No final de 1958, o encontro de duas gerações vitoriosas do Santos FC

Em 1958, o Santos Futebol Clube, o mais importante clube futebolístico da cidade, conquistava seu quarto título paulista. Mas aquela não fora uma conquista qualquer. O escrete alvinegro de Vila Belmiro praticamente massacrou todos os adversários, anotando um recorde em número de gols: 148, em apenas 38 jogos (uma média de 3,8 por partida). O menino Pelé, então com 17 anos de idade, tornava-se artilheiro com a impressionante marca de 59 gols, em 33 jogos (1,7 gol em média). A performance santista ganhou destaque na imprensa brasileira e mundial. A popular revista O Cruzeiro abordou o feito do time peixeiro e, de lambuja, produziu um encontro histórico, entre os “Meninos da Vila de 1958” e os “Meninos da Vila de 1927”. É um texto que não pode deixar de ser lido pelos que admiram a história do clube alvinegro e do próprio futebol brasileiro, pelas peculiaridades apresentadas.


 

DE FEITIÇO A PELÉ, TRINTA ANOS DE GLÓRIAS

O Santos de 1958 repete o feito de 1927 – Defesa menos vazada e ataque recordista: 143 gols

Reportagem de Neil Ferreira, George Torok e Ronald de Moraes

A maneira com que o Santos F.C., campeão paulista de 1958, está se apresentando nos gramados não é, positivamente, a de um quadro comum de futebol. Mas de um circo, O circo da Vila Belmiro, do qual Pelé, Pagão e Pepe são a marca registrada e os maiores astros. Em 38 jogos perdeu 3, empatou 6 e ganhou o resto de goleada, conseguindo impingir ao Corinthians (um dos maiores clubes do Brasil) a sua maior derrota dos últimos anos, os memoráveis 6×1.

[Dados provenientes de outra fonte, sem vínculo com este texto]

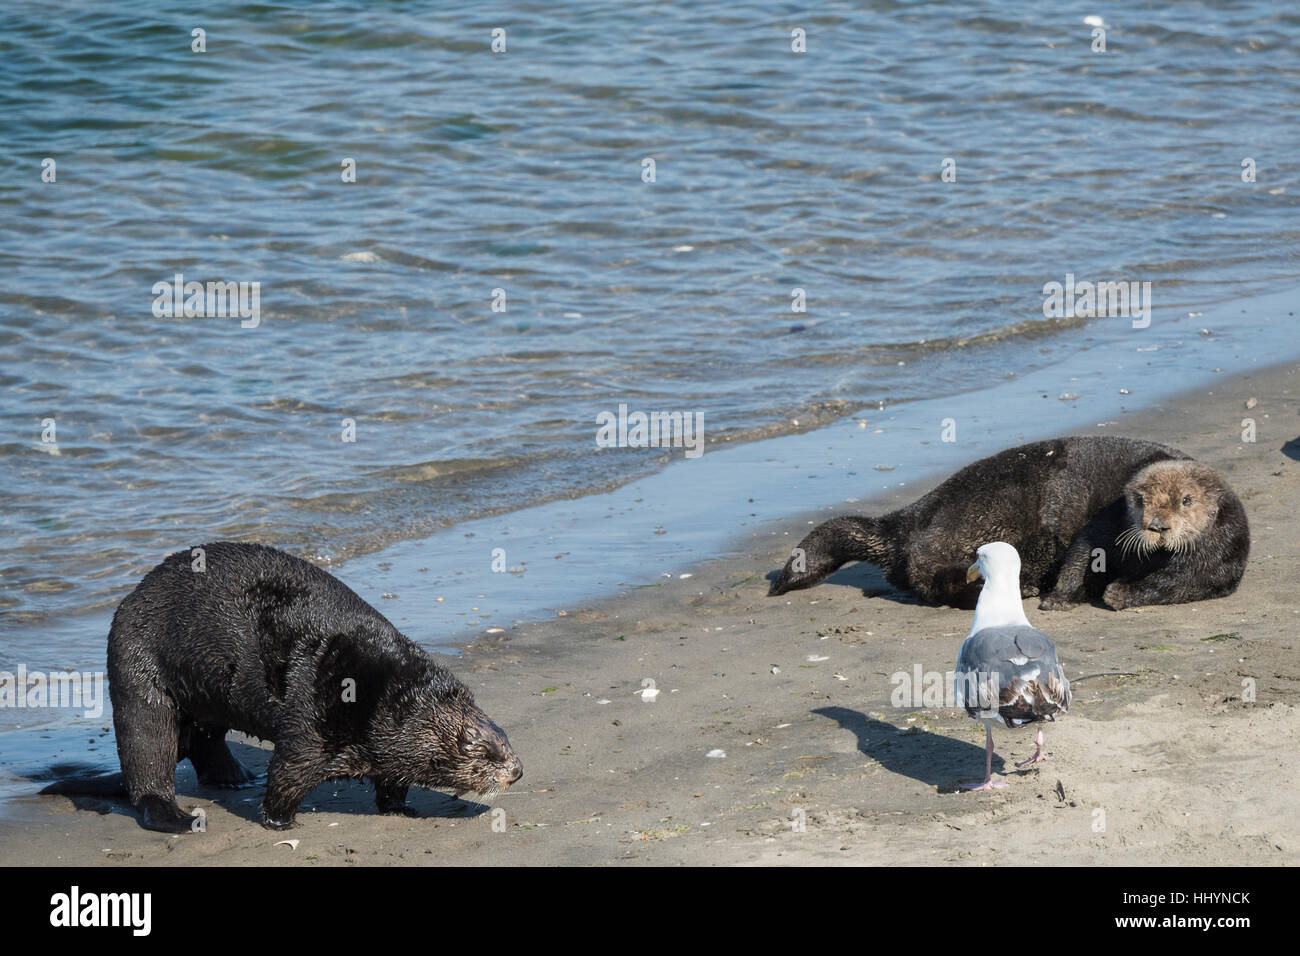 California Sea Otter oder südlichen Seeotter, Enhydra Lutris Nereis, kommt an Land mit anderen Otter und eine Möwe am Strand sonnen Elkhorn Slough Stockfoto

Dorval é carregado em triunfo pelos santistas em Campinas, ao final do jogo que deu o troféu de campeão de 1958 ao time praiano.

A sua defesa sofreu somente 40 gols e o ataque marcou 143, recorde absoluto dos certames profissionais brasileiros. Somente a ala esquerda, Pelé e Pepe, marcou sozinha mais gols do que todos os outros times do campeonato, exceção feita à Portuguesa de Desportos. E a marca de fábrica dos “Demônios da Praia” – o trio Pagão, Pelé e Pepe – assinalou, durante o campeonato, mais gols do que todas as outras equipes.

Em Campinas, no estádio do Guarani, o Santos F.C. iria decidir o campeonato, duas semanas antes do término do mesmo. Das trinta mil pessoas que lotavam o estádio, pelo menos vinte mil tinham vindo da cidade de Santos para torcer pelo seu clube. Um empate bastaria para garantir o título, tal era a diferença que separava o Santos F.C. do segundo colocado na tabela, o São Paulo F.C.  O Santos entrou em campo e começou a jogar como sabe. Isto é, a dar “show”. O ataque dos 143 gols começava a funcionar e a defesa menos vazada do certame dominava todas as ações. Pelé marcou o primeiro, o segundo e o terceiro da série de sete com que o Santos carimbou o Guarani. A bandinha “peixeira” começou a tocar, a torcida invadiu o gramado e carregou seus ídolos. Para coroar, uma enorme faixa foi aberta: “Nunca foi tão fácil ganhar um campeonato”.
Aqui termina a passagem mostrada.